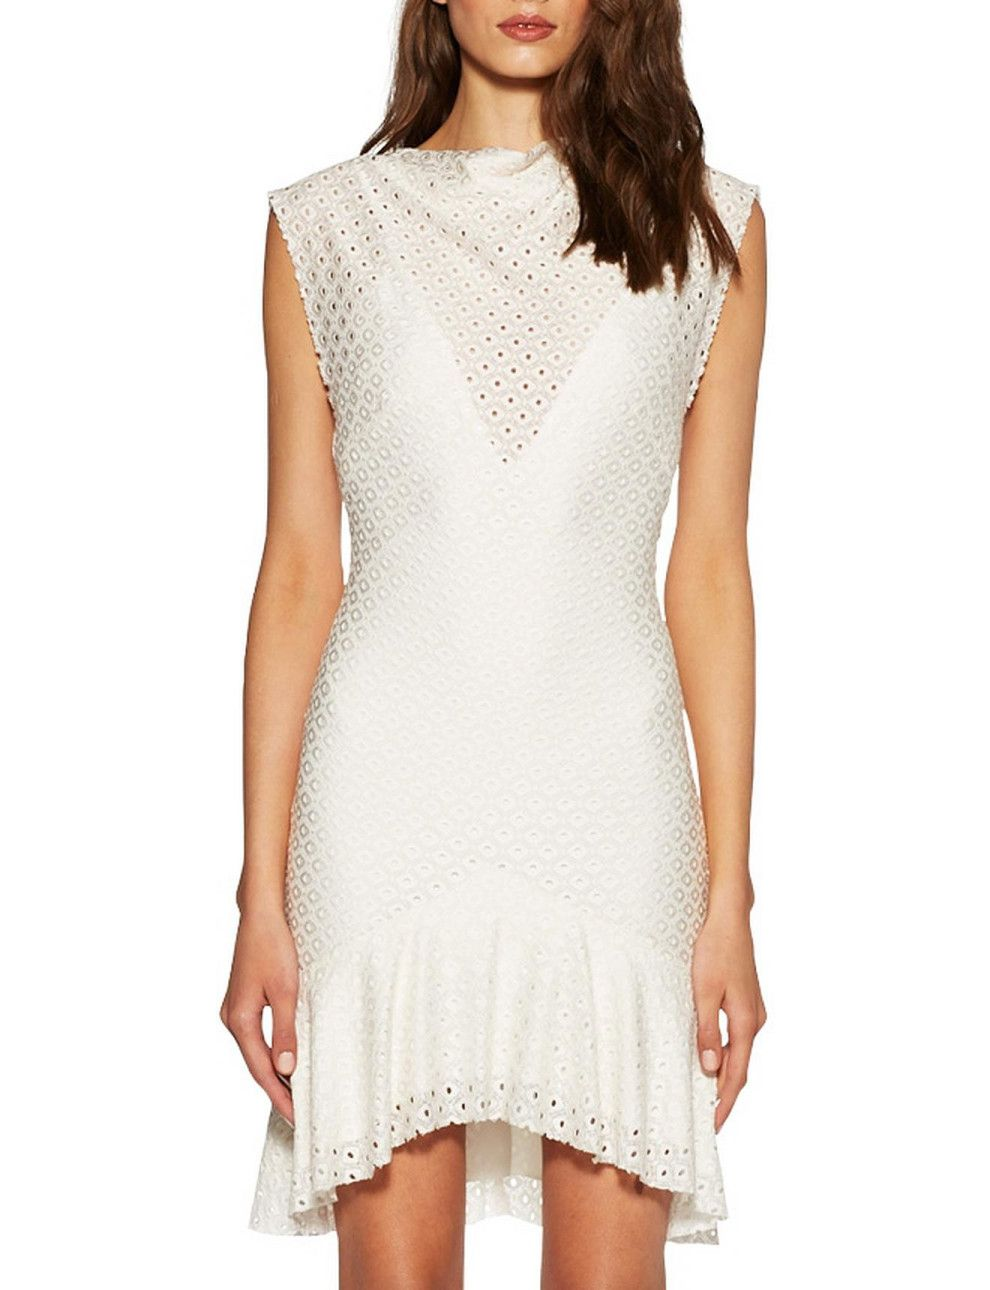 White dress david jones - Nazar Dress David Jones
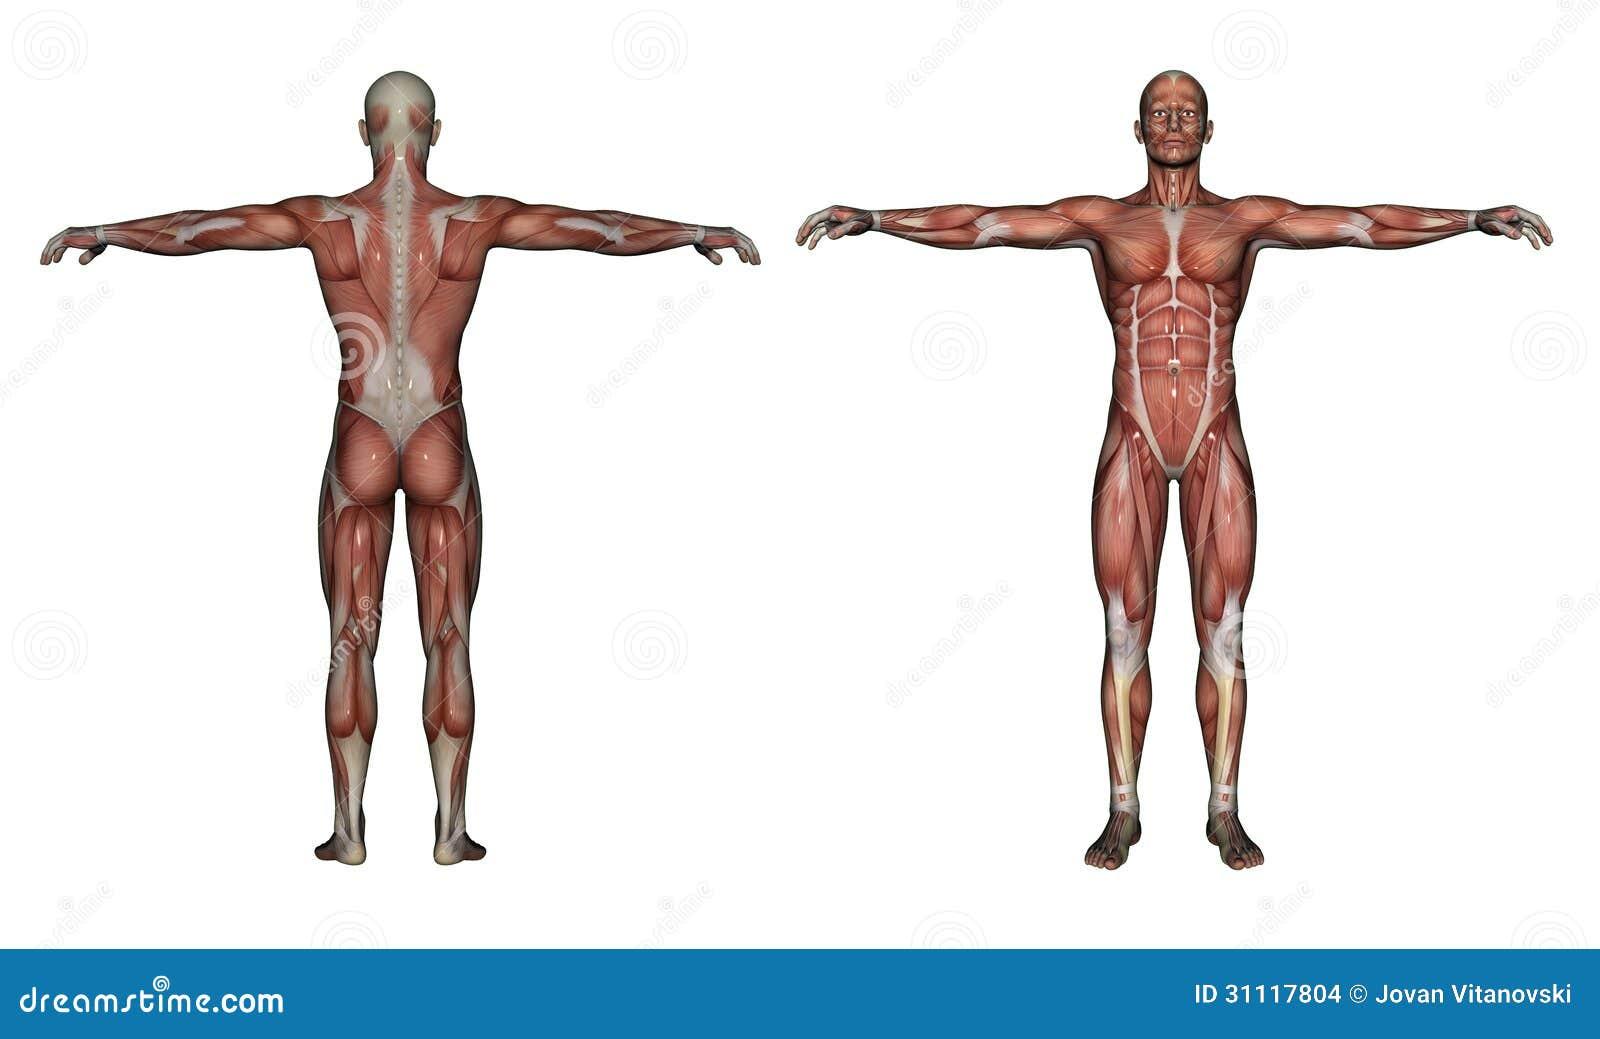 Human Anatomy - Male Muscles Stock Illustration - Illustration of ...
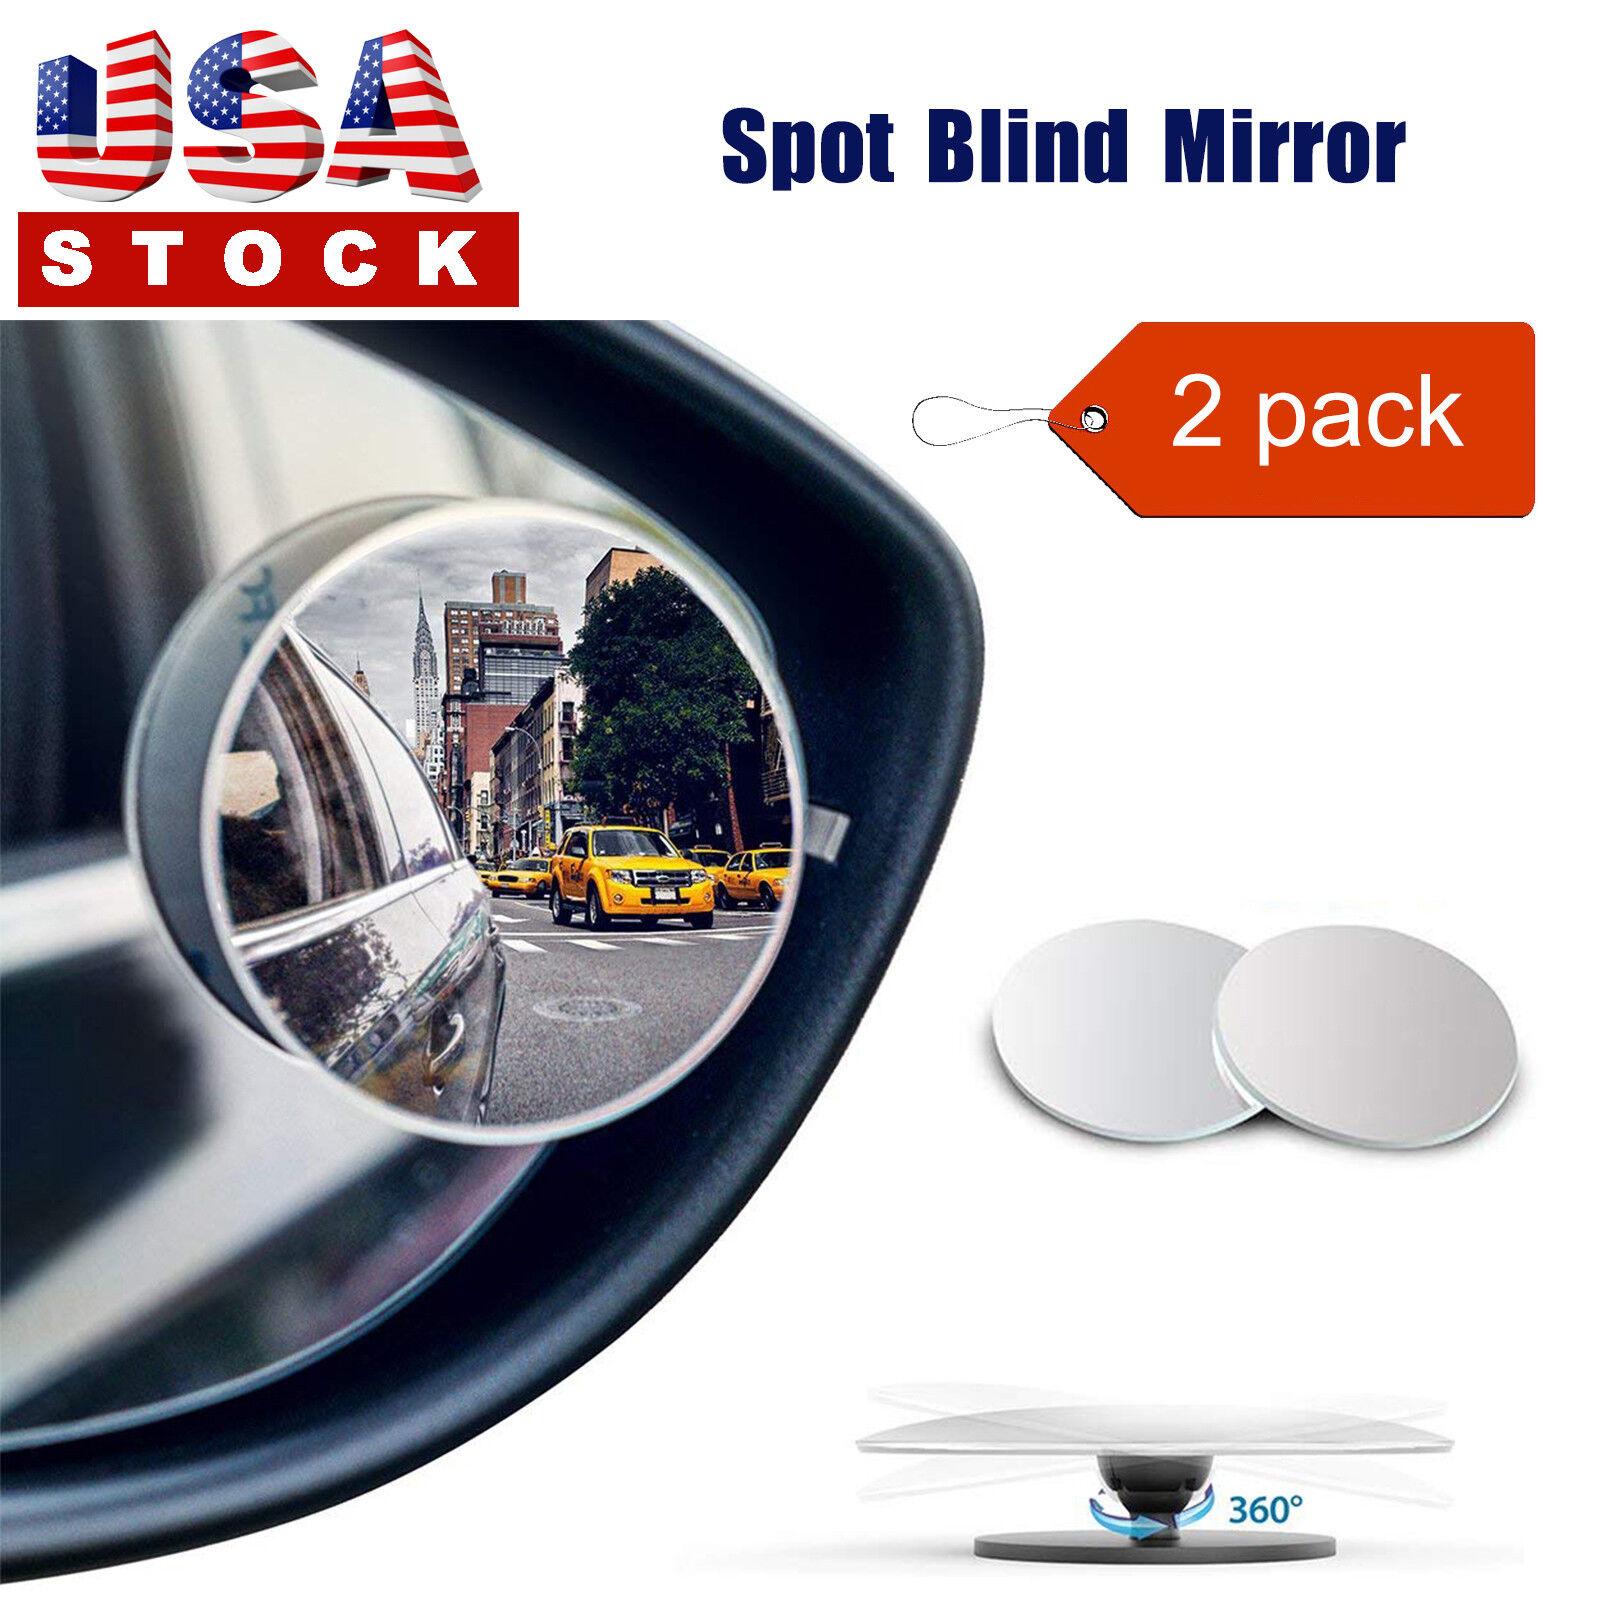 360° Adjustable Blind Spot Mirror Car Trunk Spot side Mirror Mini 2 Pack
═══
Every line of the material above must be written out exactly, with no pictures.

== Task solution ==
 White dress david jones - Nazar Dress David Jones
 Human Anatomy - Male Muscles Stock Illustration - Illustration of ...
 360° Adjustable Blind Spot Mirror Car Trunk Spot side Mirror Mini 2 Pack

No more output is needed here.